Background information
- Born: Maureen Ann Tucker August 26, 1944 (age 82) New York City, U.S.
- Origin: Levittown, New York, U.S.
- Genres: Experimental rock; proto-punk; rock and roll; art rock; avant garde; folk rock;
- Occupations: Musician; singer; songwriter;
- Instruments: Drums; percussion; guitar; vocals; bass;
- Years active: 1963–c. 2007; 2017;
- Formerly of: The Velvet Underground; Half Japanese;

= Moe Tucker =

American musician and singer (born 1944)

Maureen Ann "Moe" Tucker (born August 26, 1944) is an American retired musician, singer, and songwriter who achieved international fame as the drummer of the rock band the Velvet Underground. Tucker occasionally sang lead vocals with the group, including the songs "After Hours" and "I'm Sticking With You".

After the Velvet Underground disbanded in the early 1970s, she took a hiatus to focus on her marriage and family. She returned in the 1980s, and, until the late 2000s, released four solo studio albums and performed as a session musician. In 1996, Tucker was inducted into the Rock and Roll Hall of Fame as a member of the Velvet Underground.

== Early life ==
Maureen Ann Tucker was born on August 26, 1944, in Jackson Heights, Queens, New York City, and grew up in Levittown, New York, in a middle-class Catholic family. Her father, James, was a housepainter and her mother, Margaret, was a clerical worker. She had an older brother, Jim, who was friends with Sterling Morrison, and a sister, Margo.

== Career ==
=== The Velvet Underground ===

Tucker began playing the drums in 1963, at age 19, having been infatuated with The Rolling Stones; she chose the instrument as she wanted to play along to music. When she was asked to join the Velvet Underground, she had dropped out of Ithaca College and was working for IBM as a keypunch operator. The band's original percussionist, Angus MacLise, had left in November 1965 because he felt the band sold out when it took a paying gig. Tucker was drafted because Velvets guitarist Sterling Morrison remembered her as the younger sister of his high school friend, Jim, who played the drums. Tucker was frequently noted for her androgynous appearance. In spite of this, Tucker has said that she never experienced difficulties due to sexism during this time.

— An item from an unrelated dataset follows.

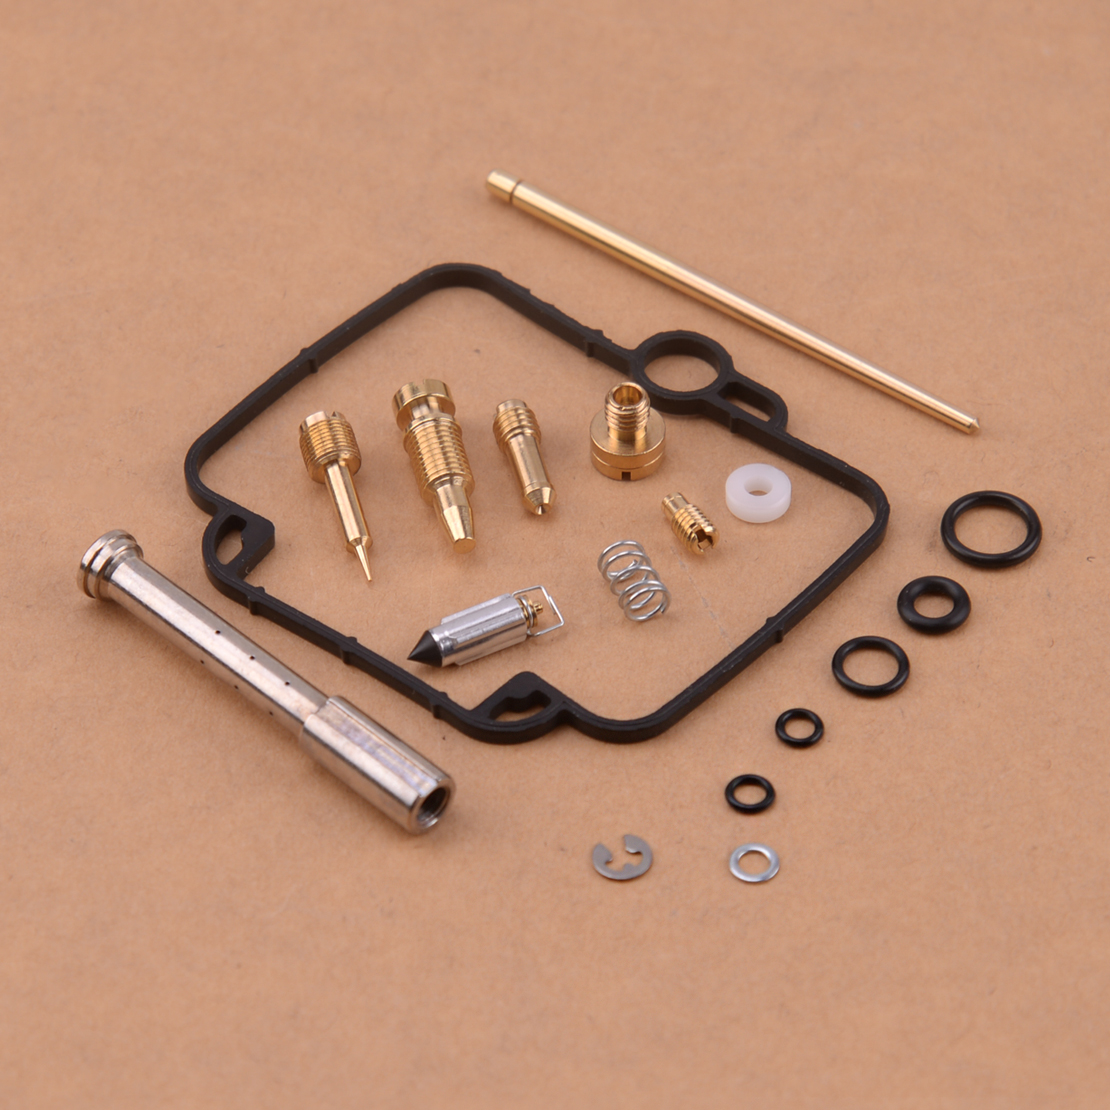 US $13 25 22% OFF Aliexpress com : Buy DWCX KS 0555 Carburetor Rebuild Carb  Repair Jets Gasket Fit For Suzuki DR650 DR650SE DR 650 650SE from Reliable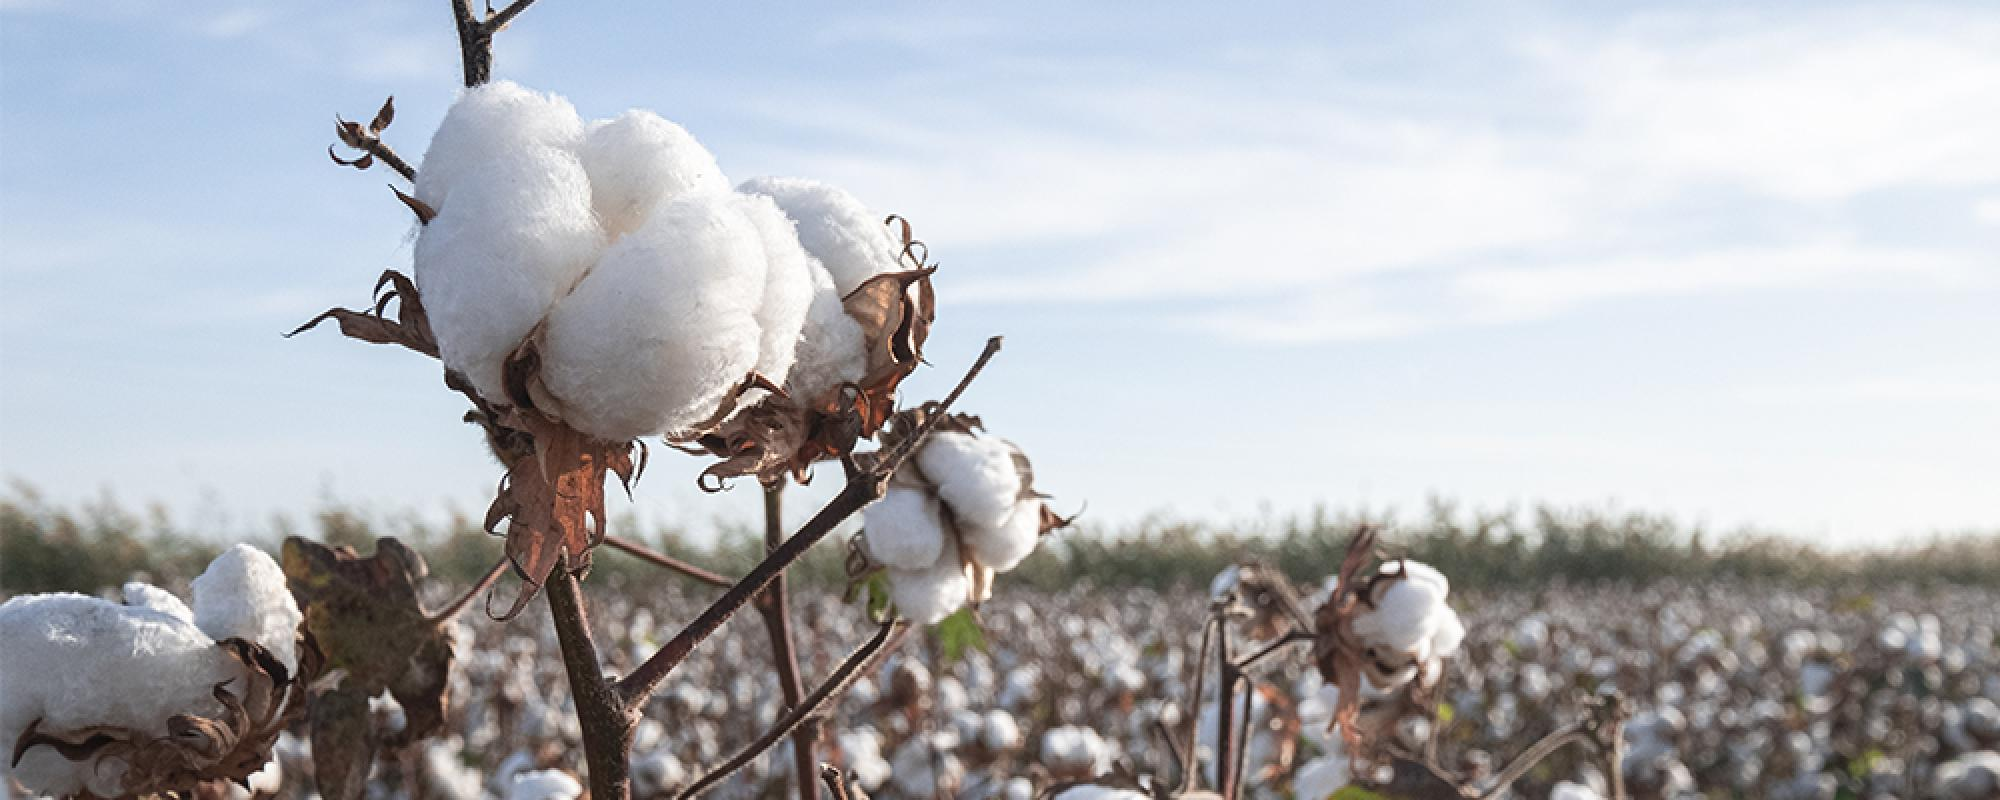 Photo of cotton field

Tucker's style of playing was unconventional. She played standing up rather than seated (for easier access to the bass drum), using a simplified drum kit of tom toms, a snare drum and an upturned bass drum, playing with mallets rather than drumsticks. She rarely used cymbals; she claimed that since she felt the purpose of a drummer was simply to "keep time", cymbals were unnecessary for this purpose and drowned out the other instruments. Rock critic Robert Christgau said of Tucker, "Mo was a great drummer in a minimalist, autodidactic way that I think changed musical history. She is where the punk notion of how the beat works begins."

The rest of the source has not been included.